RECORDS TO PROCESS:
--*--
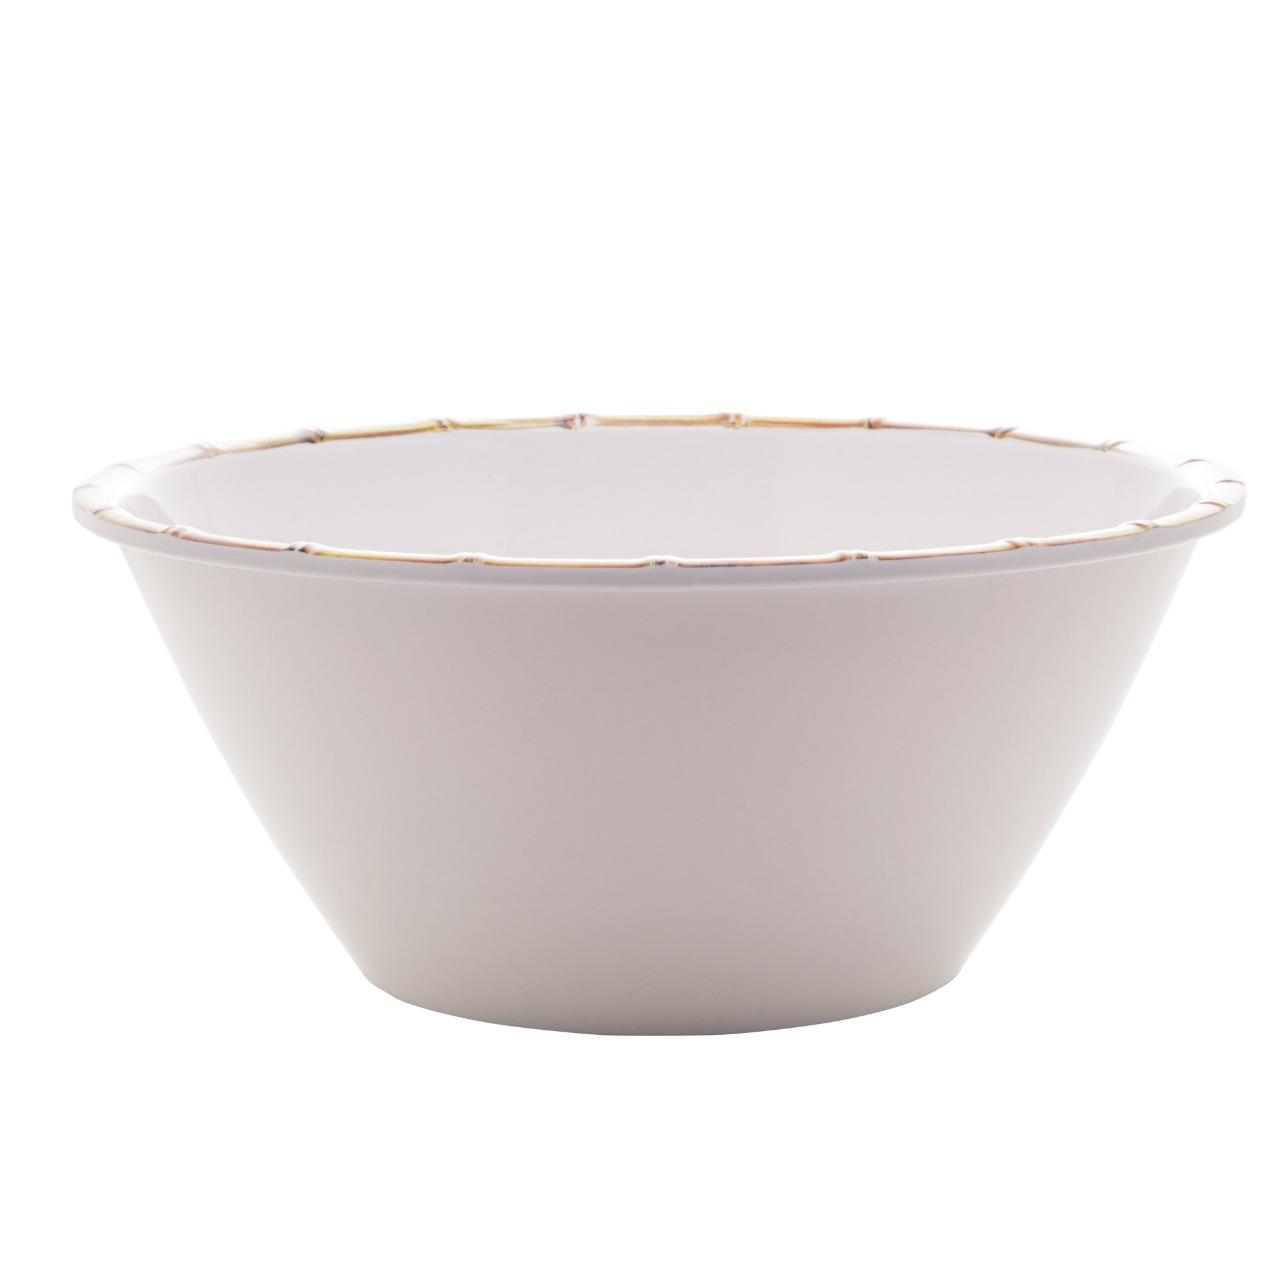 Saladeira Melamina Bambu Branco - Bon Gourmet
--*--
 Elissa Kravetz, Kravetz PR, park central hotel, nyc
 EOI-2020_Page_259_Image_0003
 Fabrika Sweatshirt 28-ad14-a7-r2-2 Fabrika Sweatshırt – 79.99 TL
--*--
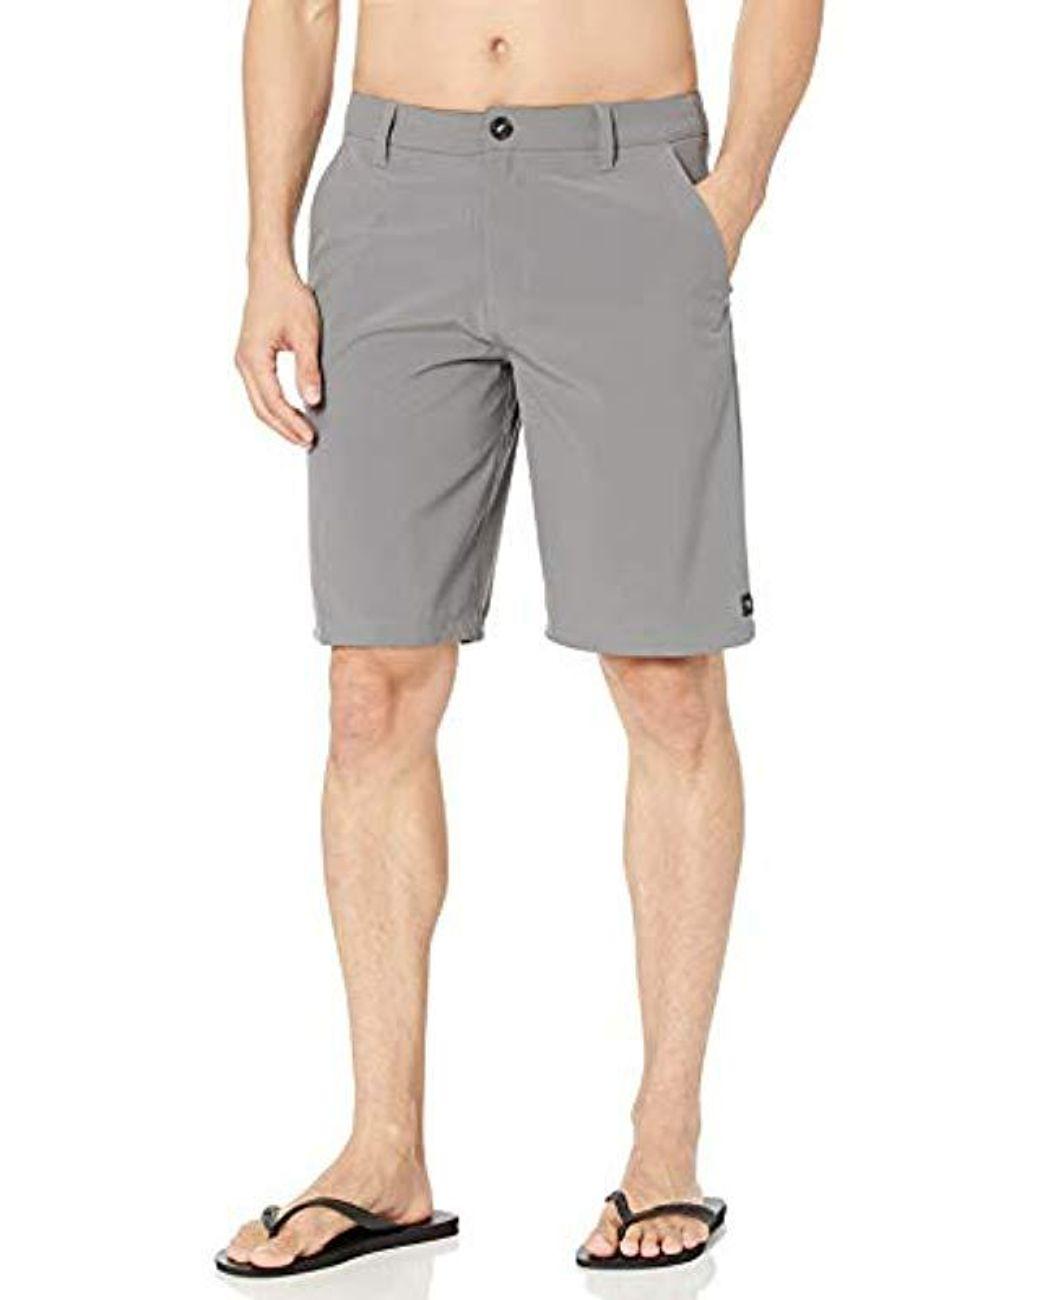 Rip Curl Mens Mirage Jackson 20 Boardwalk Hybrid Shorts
--*--
TASK OBJECTIVE:
Using the entries above, extract exactly the span from the line with "EOI-2020_Page_259_Image_0003" to the line with "Fabrika Sweatshirt 28-ad14-a7-r2-2", both lines included; leave out everything else.

RESULT:
 EOI-2020_Page_259_Image_0003
 Fabrika Sweatshirt 28-ad14-a7-r2-2 Fabrika Sweatshırt – 79.99 TL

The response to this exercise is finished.